Your task is to reproduce the listing exactly, without its images.

═════ The data

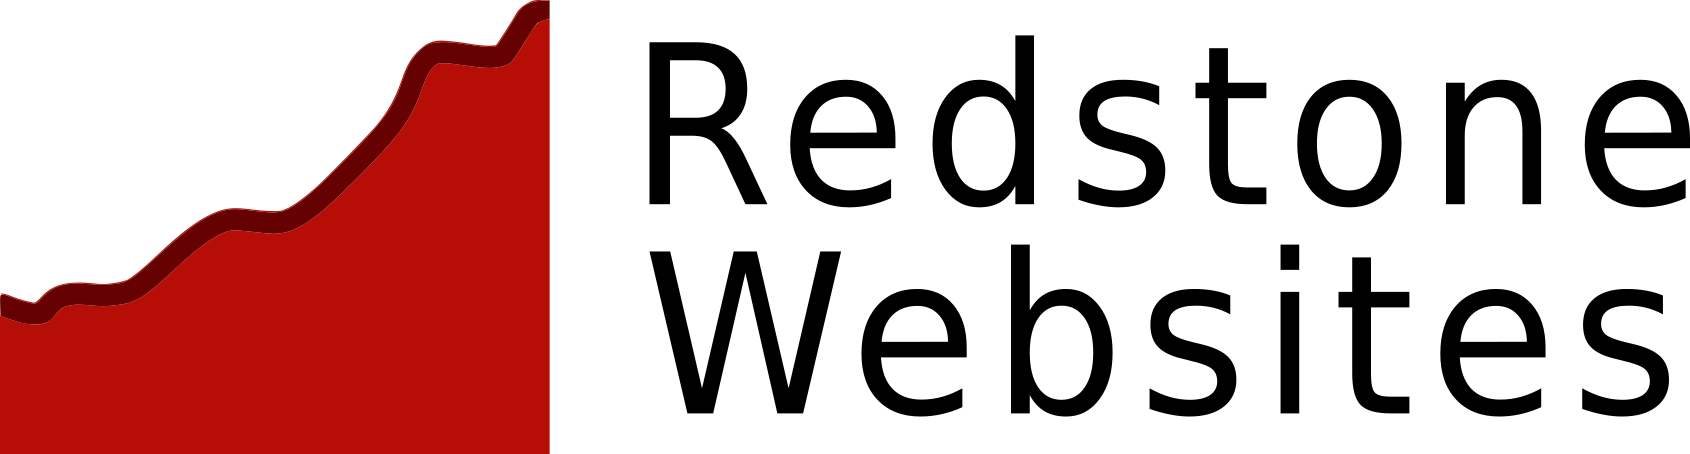 Redstone Websites logo
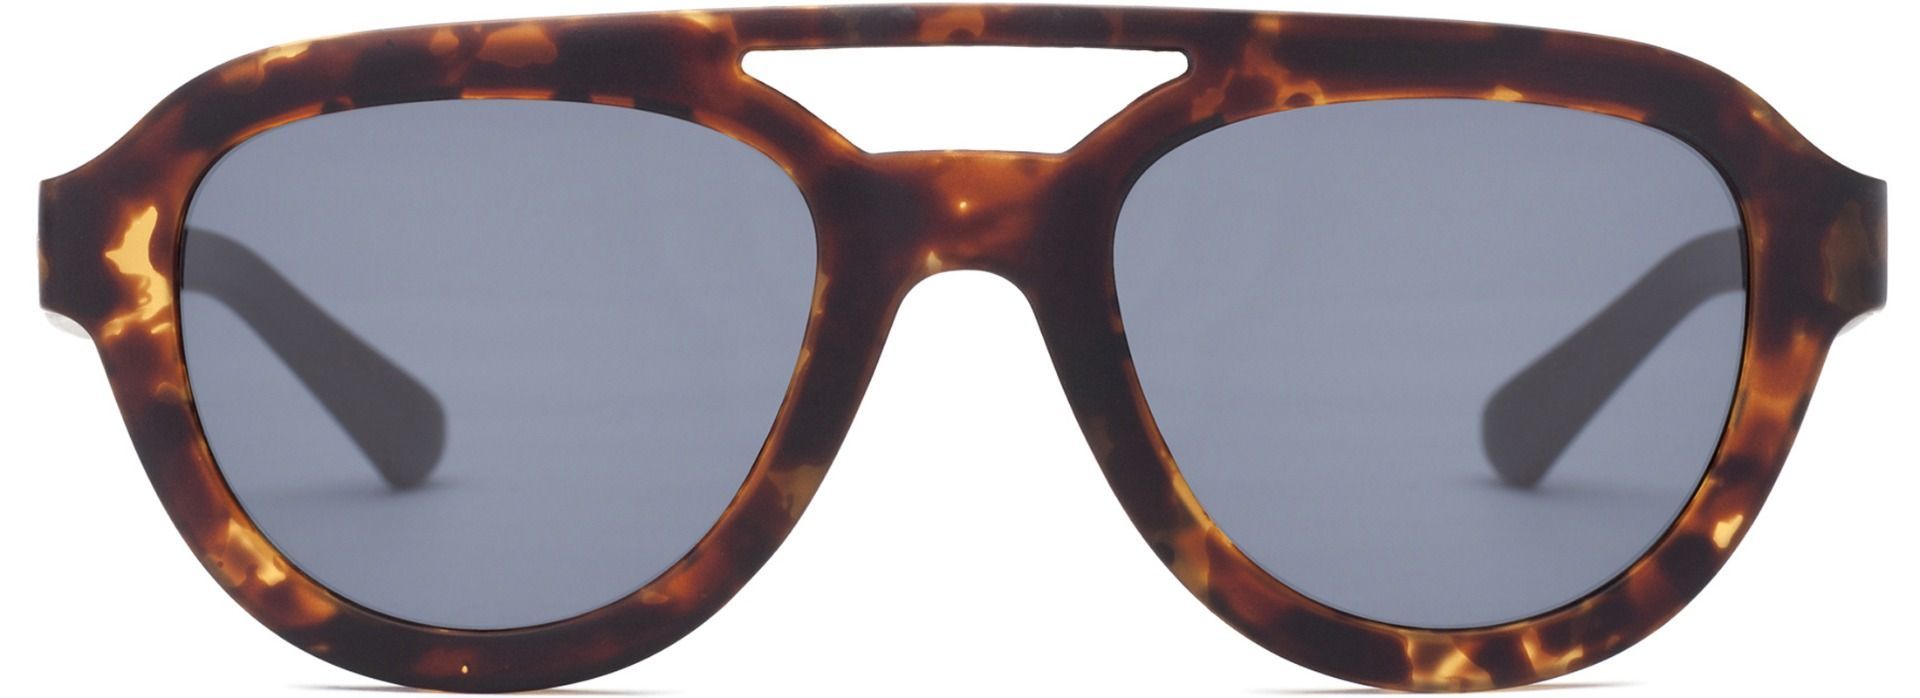 aor025 solbriller Extra Optical
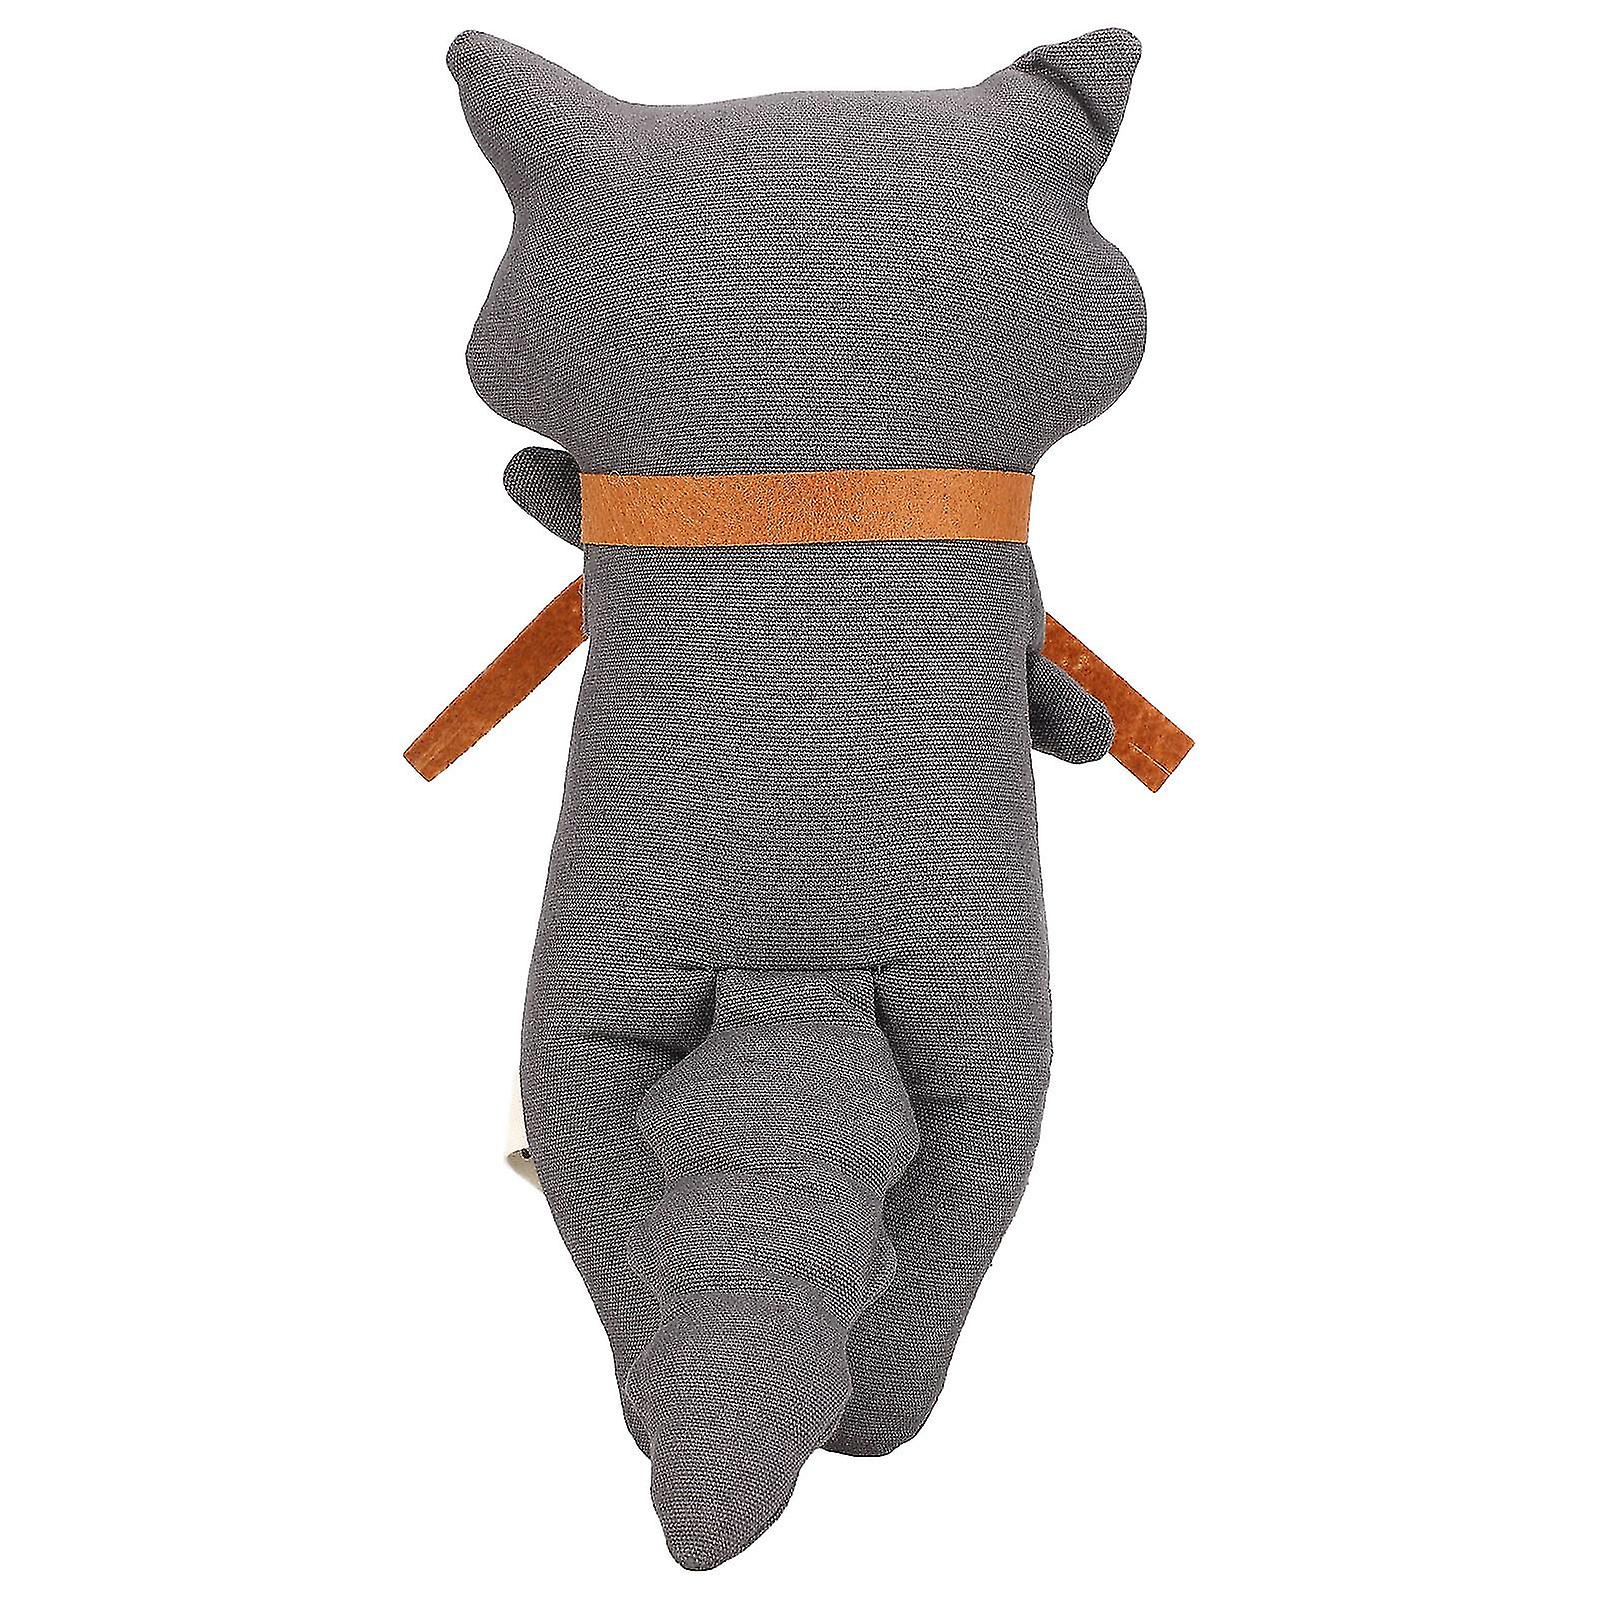 Stuffed Animal Toys PP Cotton Cartoon Characters Appease Accompany Educational Raccoon Doll

══════════

- _Exercise result_
 Redstone Websites logo
 aor025 solbriller Extra Optical
 Stuffed Animal Toys PP Cotton Cartoon Characters Appease Accompany Educational Raccoon Doll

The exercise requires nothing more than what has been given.